Date of Award

2009

Document Type

Thesis

Department

Economics

Subjects

Foreign investments, Foreign investments -- United States, Foreign investments -- China, Asian investments -- United States, International business enterprises -- United States

DOI

10.15760/honors.645

Abstract

Since 1979 when China opened its economic borders, it has seen an influx of foreign direct investment that gradually snowballed into enormous annual inflows of capital. Researchers have taken advantage of this event as an incredibly useful testing ground of theories regarding FDI. Using this new data from China, along with data from countries already open to outside investment, many variables, such as GDP, wage, and distance, have been found to consistently correlate in one way or another to particular aspects of FDI inflow, including amount, location, timing, and type.

One such variable that has had some attention is corruption. While it has been well established that corruption in general is a deterrent to FDI inflows, little else can be confidently said about its effect on FDI. This paper is an attempt to at least get a sense of what the effect of corruption might be on two aspects of FDI: timing and type.

These are both important effects to know about, certainly at least from the standpoint of governments. If it could be shown that firms are less hesitant to invest, or more willing to commit high equity type investments when corruption is low, governments, particularly those in developing countries that rely on FDI, may be persuaded to make more of an effort to fight corruption and improve governance.

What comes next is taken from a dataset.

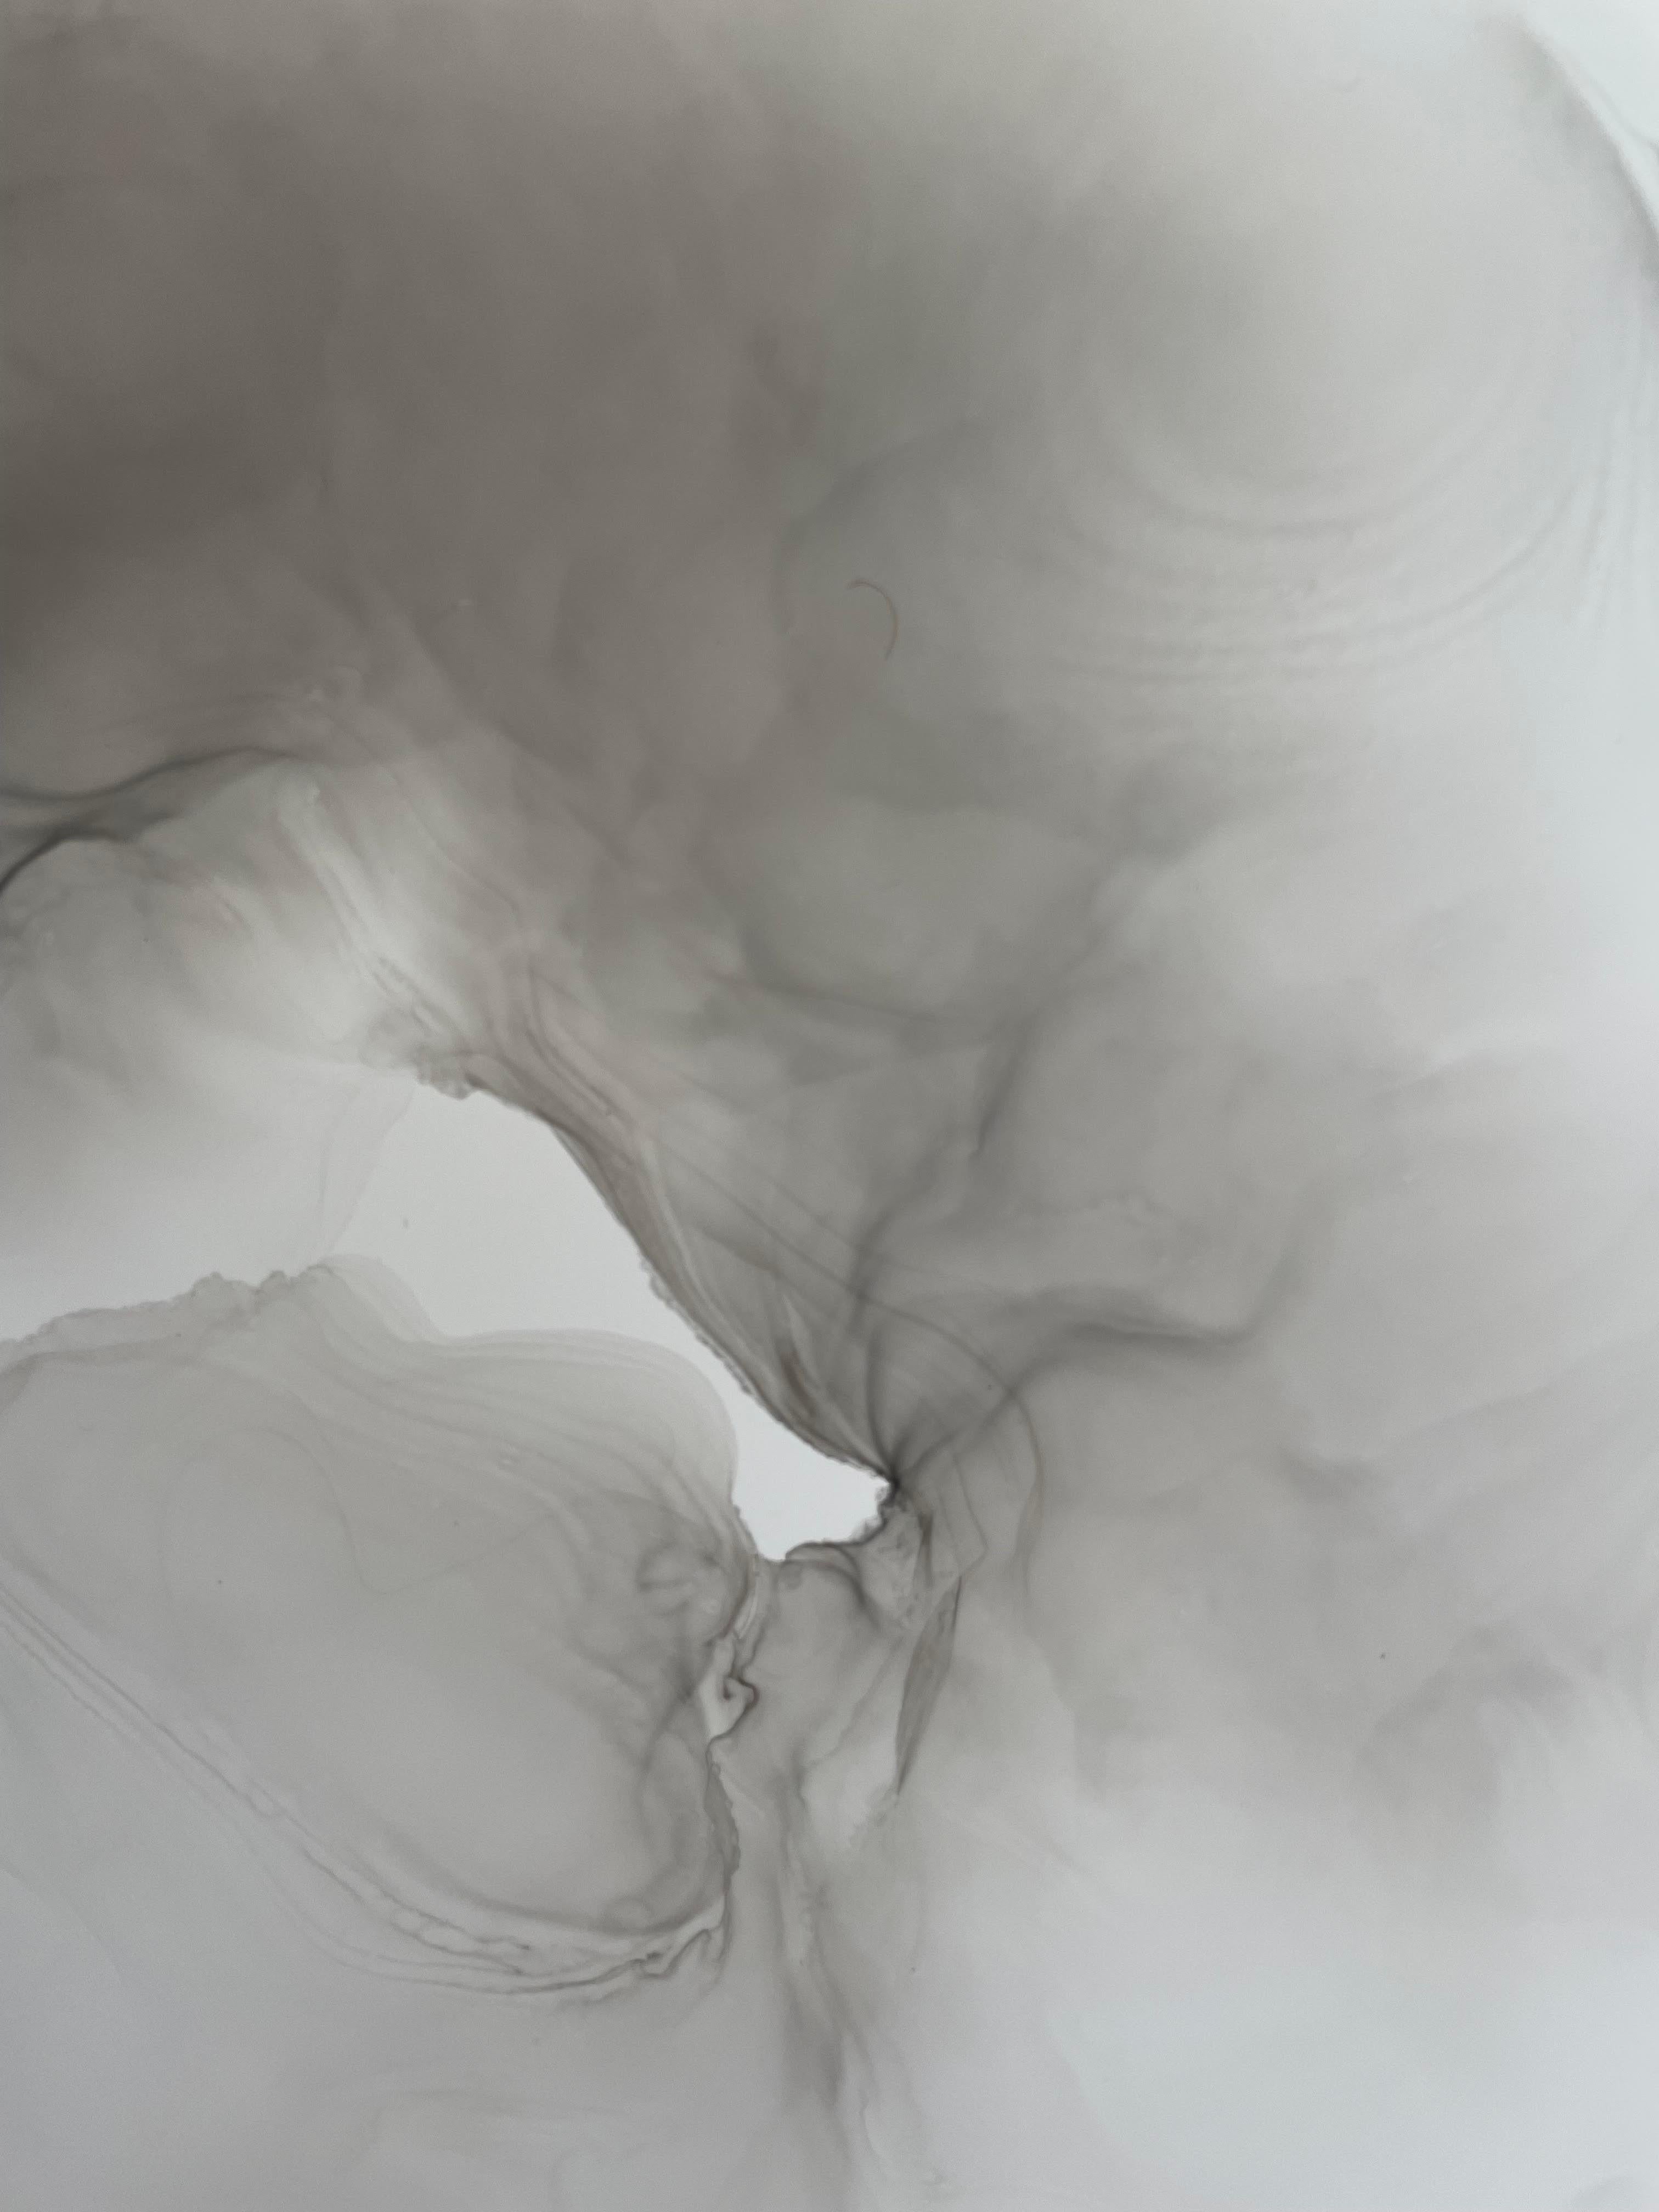 Innenarchitektur-Gemälde. Das Diptychon ist mit Tusche in schwarzer und grauer Farbe auf Yupo-Papier gemalt.
Jedes Werk ist 11 x 14 Zoll groß, gerahmt (schwarz) mit einer Styrolplatte auf einem Passepartoutkarton in Weiß mit den Maßen 16 x 20

This paper will describe two models, one measuring the effect of corruption on how quickly a firm chooses to invest in China, and another measuring the effect of corruption on what sort of investment the firm makes. The remainder of the paper is divided into four parts: A survey of previous literature on the subject, a description of the empirical framework (itself subdivided into parts, discussions of the dependent variables under consideration, the corruption measures used, the control variables, and the source of data), a report of the empirical results, and finally the conclusion.

Comments

An undergraduate honors thesis submitted in partial fulfillment of the requirements for the degree of Bachelor of Science in University Honors and Economics.